DECIMOCUARTO DOMINGO DESPUÉS DE PENTECOSTÉS
DECIMOCUARTO DOMINGO
DESPUÉS DE PENTECOSTÉS
MISA
QUE SOLO PUEDE SER OFICIADA SEGÚN LAS RÚBRICAS DE LA IGLESIA, QUE CONDENAN
EL ACCIONAR IRREGULAR Y ACATÓLICO DE CONCILIARES DEL VATICANO II, THUCISTAS Y
LEFEBVRISTAS
Mira, oh Dios, -protector
nuestro, y contempla el rostro de tu Ungido. Asi comienza hoy la Iglesia al
irse acercando al altar. La Iglesia es la Esposa del Hombre-Dios y su gloria;
pero el Esposo, dice San Pablo, es a la vez la imagen y la gloria de Dios y la
cabeza de la Esposas. Así que con toda verdad y como con plena seguridad de ser
oída, la Iglesia, al dirigirse al Dios tres veces santo, le ruega que contemple
al mirarla el rostro de su Ungido.
INTROITO
Mira, oh Dios, protector nuestro, y
contempla el rostro de tu Ungido: porque más que mil vale un día en tus atrios.
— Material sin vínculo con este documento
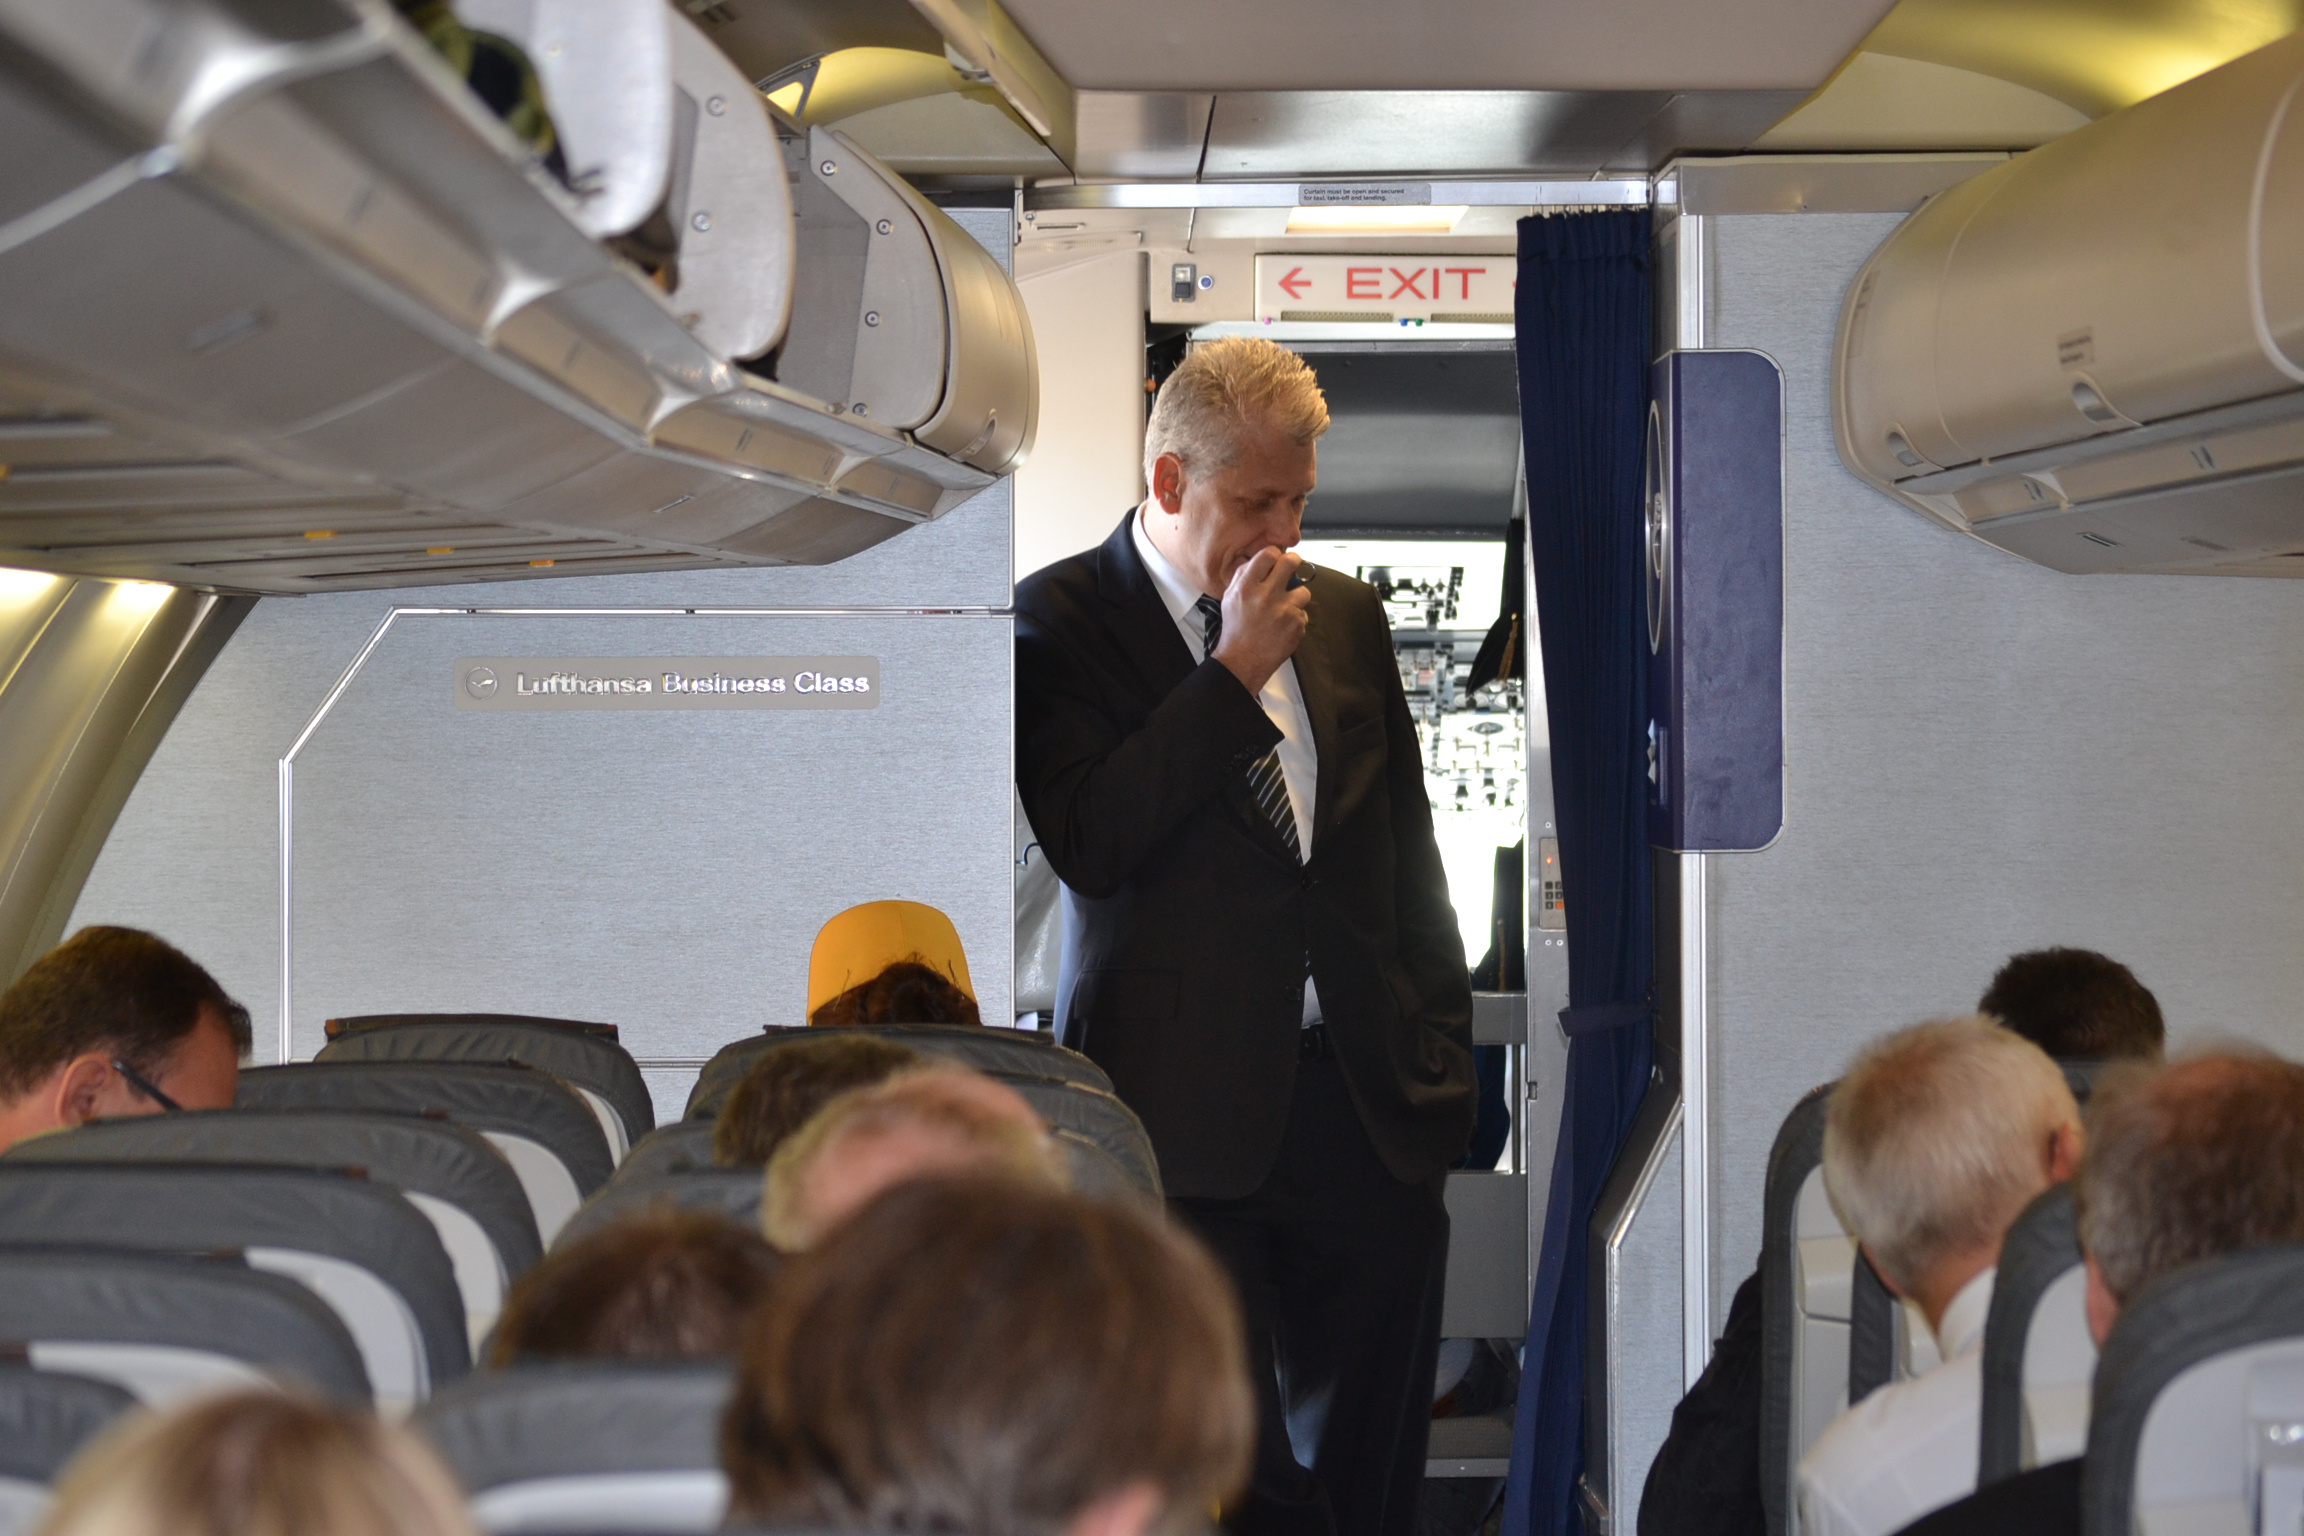 Rögtönzött sajtótájékoztató a levegőben, tartja Harry Hohmeister, a Lufthansa igazgatótanácsának tagja

— Salmo: ¡Cuán amables son tus tiendas, oh Señor de los ejércitos! Mi alma
desfallece y suspira por los atrios del Señor. J. Gloria al Padre.
Las glorias futuras a
cuyo pensamiento la Iglesia salta de gozo, la dignidad de la unión divina que
ya desde este mundo la hace verdaderamente Esposa, no son obstáculos para que
deje de sentir la continua necesidad que tiene del socorro de lo alto. En un
solo instante de desamparo por parte del cielo vería que la humana fragilidad,
alejando a sus miembros de las virtudes que en la Epístola ensalza el Apóstol,
los arrastraría al abismo del vicio descrito en el mismo lugar. Pidamos con
nuestra Madre en la Colecta esa asistencia misericordiosa de cada momento que
nos es tan necesaria.
COLECTA
Suplicárnoste, Señor, custodies a tu
Iglesia con perpetua protección: y, pues sin ti desfallece la humana
fragilidad, haz que, con tus auxilios, se abstenga siempre de lo dañino y
tienda ^ lo saludable. Por Nuestro Señor Jesucristo.
EPÍSTOLA
Lección de la Epístola
del Ap. San Pablo a los Gálatas (Gal., V, 16-24).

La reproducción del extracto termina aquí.